Nazrul's poetry is characterised by an abundant use of rhetorical devices, which he employed to convey conviction and sensuousness. He often wrote without care for organisation or polish. His works have often been criticized for egotism, but his admirers counter that they carry more a sense of self-confidence than ego. They cite his ability to defy God yet maintain an inner, humble devotion to Him. Nazrul's poetry is regarded as rugged but unique in comparison to Tagore's sophisticated style. Nazrul's use of Persian vocabulary was controversial but it widened the scope of his work. Nazrul's works for children have won acclaim for his use of rich language, imagination, enthusiasm and an ability to fascinate young readers. 

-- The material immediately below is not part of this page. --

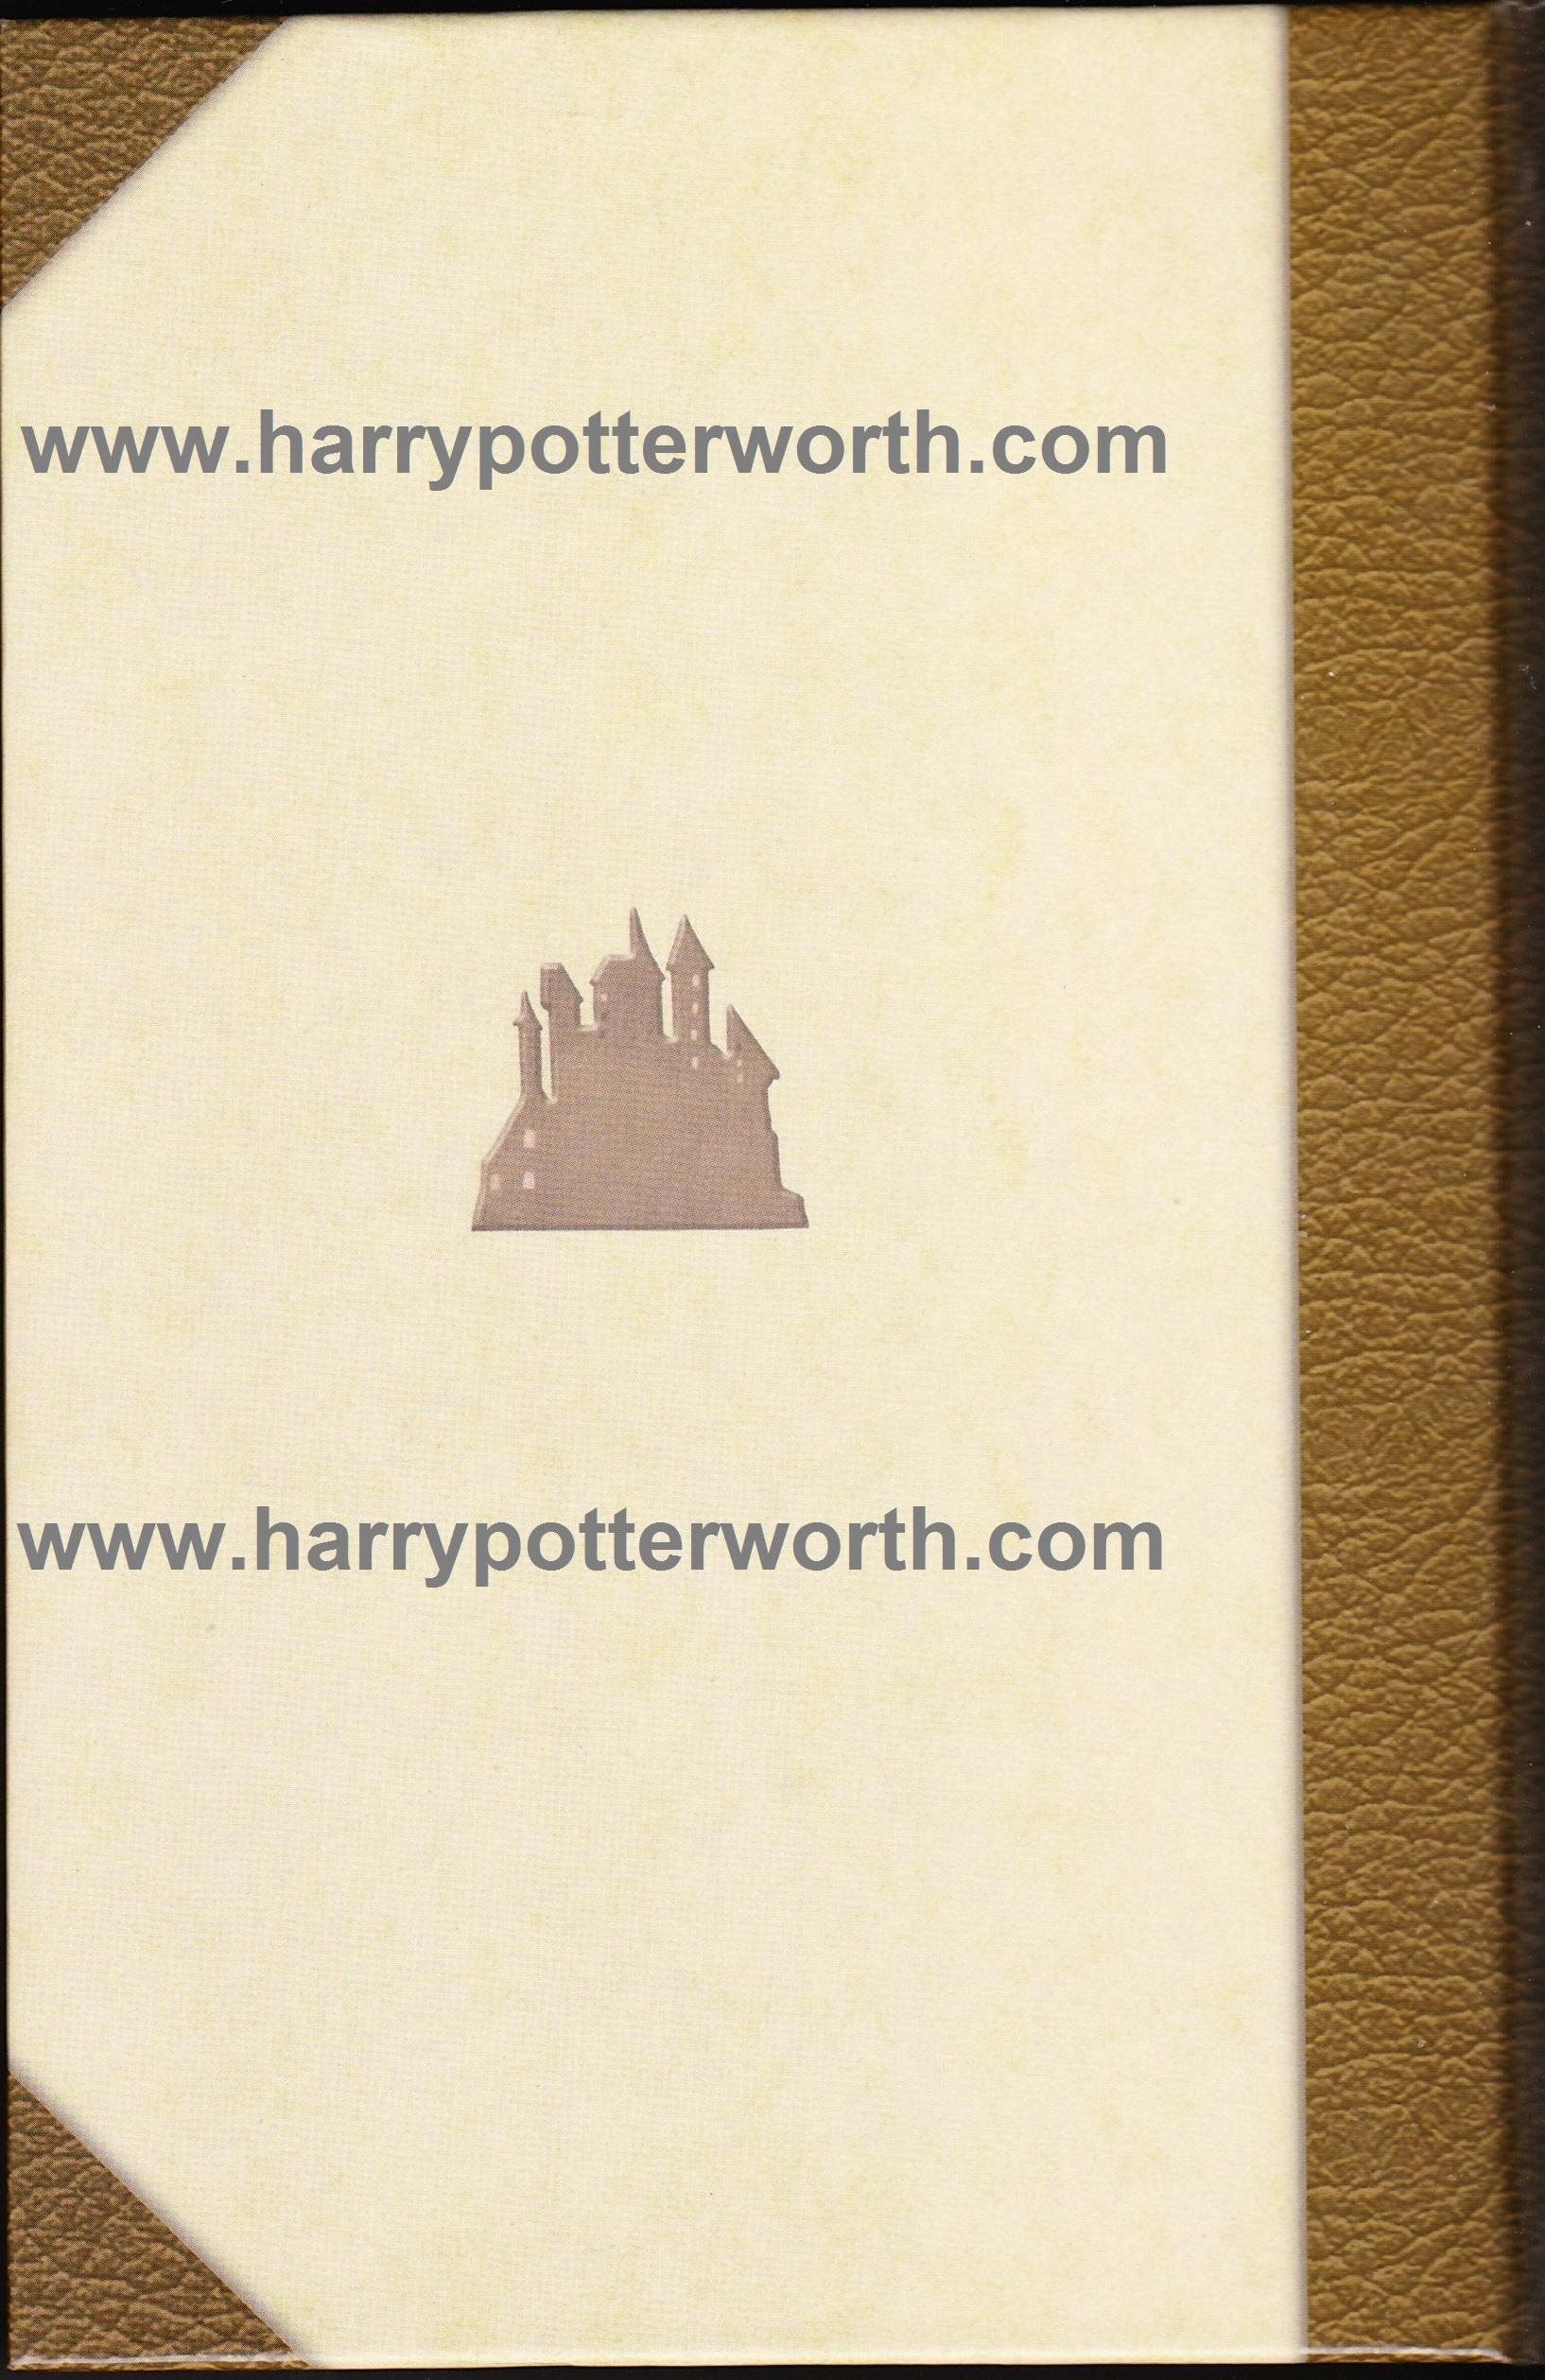 Harry Potter e il Principe Mezzosangue Edizione Motto Hogwarts 2007 - Retro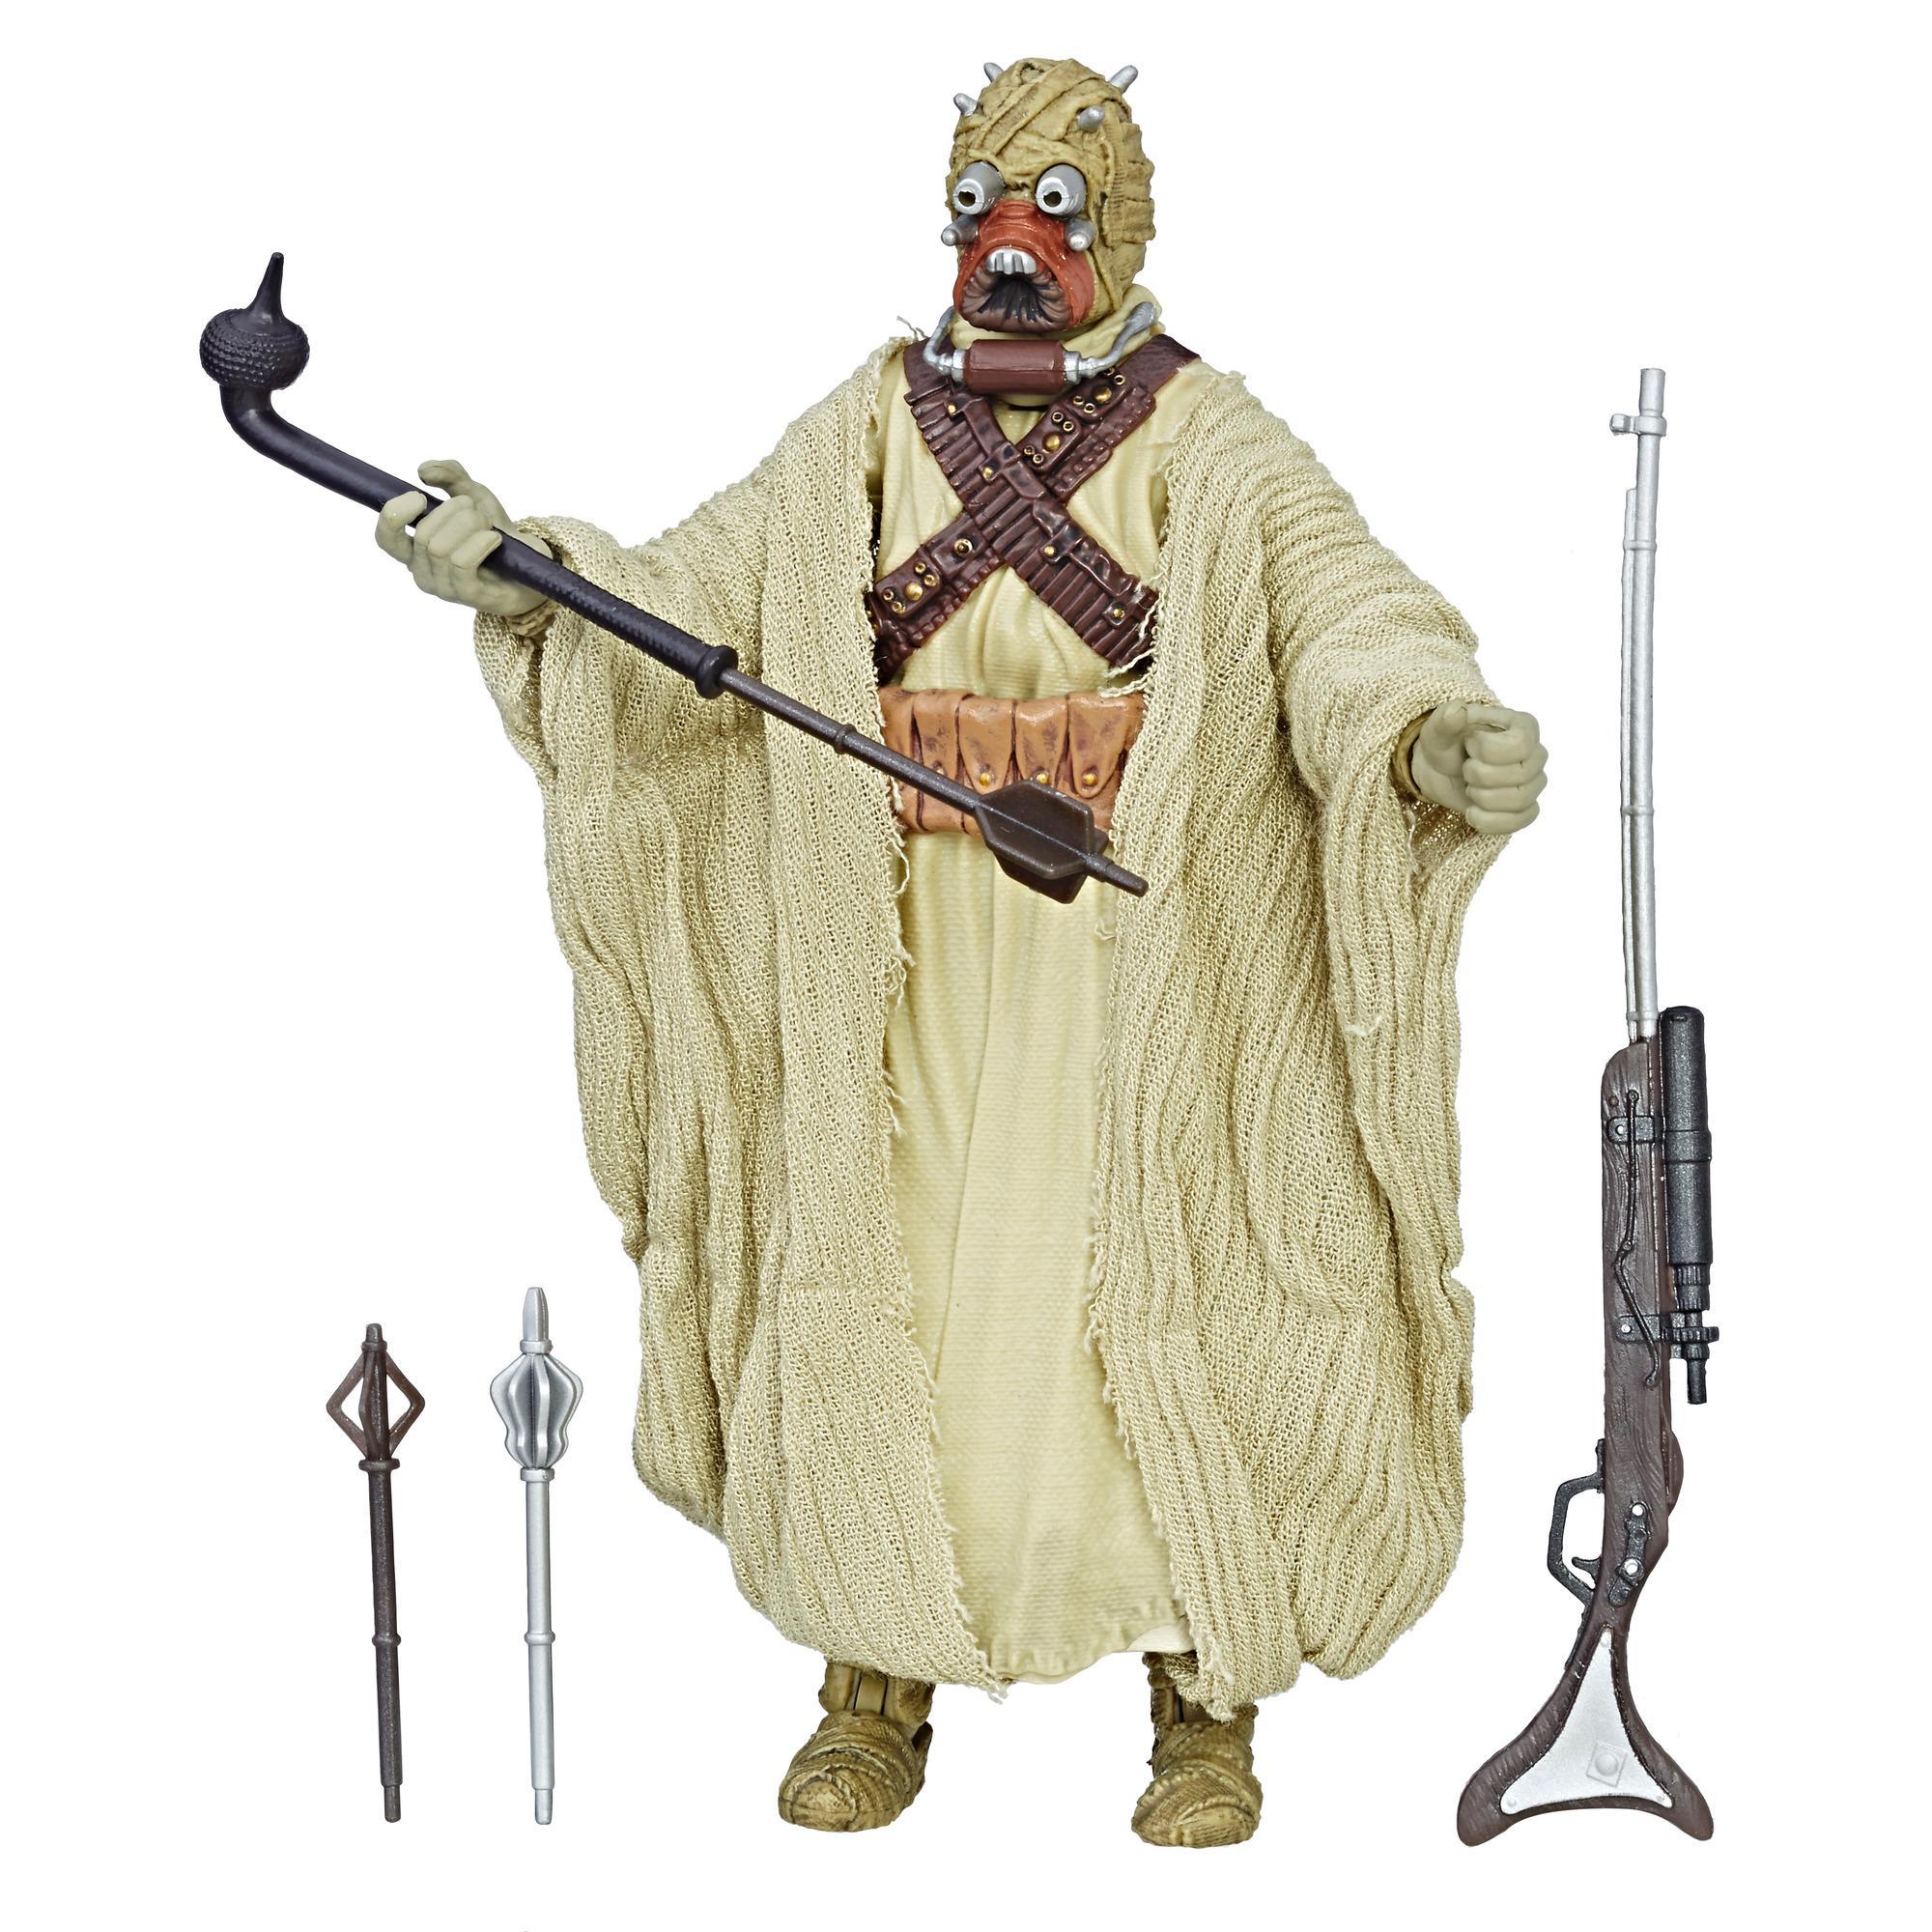 Star Wars: Episode IV The Black Series Tusken Raider

Nazrul is regarded for his secularism. He was the first person to cite of Christians of Bengal in his novel Mrityukhudha. He was also the first user of folk terms in Bengali literature. He first printed the Sickle and Hammer in any Indian magazine. Nazrul pioneered new styles and expressed radical ideas and emotions in a large body of work. Scholars credit him for spearheading a cultural renaissance in Muslim-majority Bengal, "liberating" poetry and literature in Bengali from its medieval mould. Nazrul was awarded the Jagattarini Gold Medal in 1945 — the highest honour for work in Bengali literature by the University of Calcutta — and awarded the Padma Bhushan, one of India's highest civilian honours in 1960. The Government of Bangladesh conferred upon him the status of being the "national poet". He was awarded the Ekushey Padak by the Government of Bangladesh. He was awarded Honorary D.Litt. by the University of Dhaka. Many centres of learning and culture in India and Bangladesh have been founded and dedicated to his memory. The Nazrul Endowment is one of several scholarly institutions established to preserve and expound upon his thoughts and philosophy, as well as the preservation and analysis of the large and diverse collection of his works. The Bangladesh Nazrul Sena is a large public organization working for the education of children throughout the country. 

Renowned Nazrul Sangeet/Geeti singers include Firoza Begum, Nilufar Yasmin (deceased), Manabendra Mukherjee, Dhiren Basu, Ferdous Ara, Fatema-tuz Zohra, Shahin Samad and Ramanuj Dasgupta.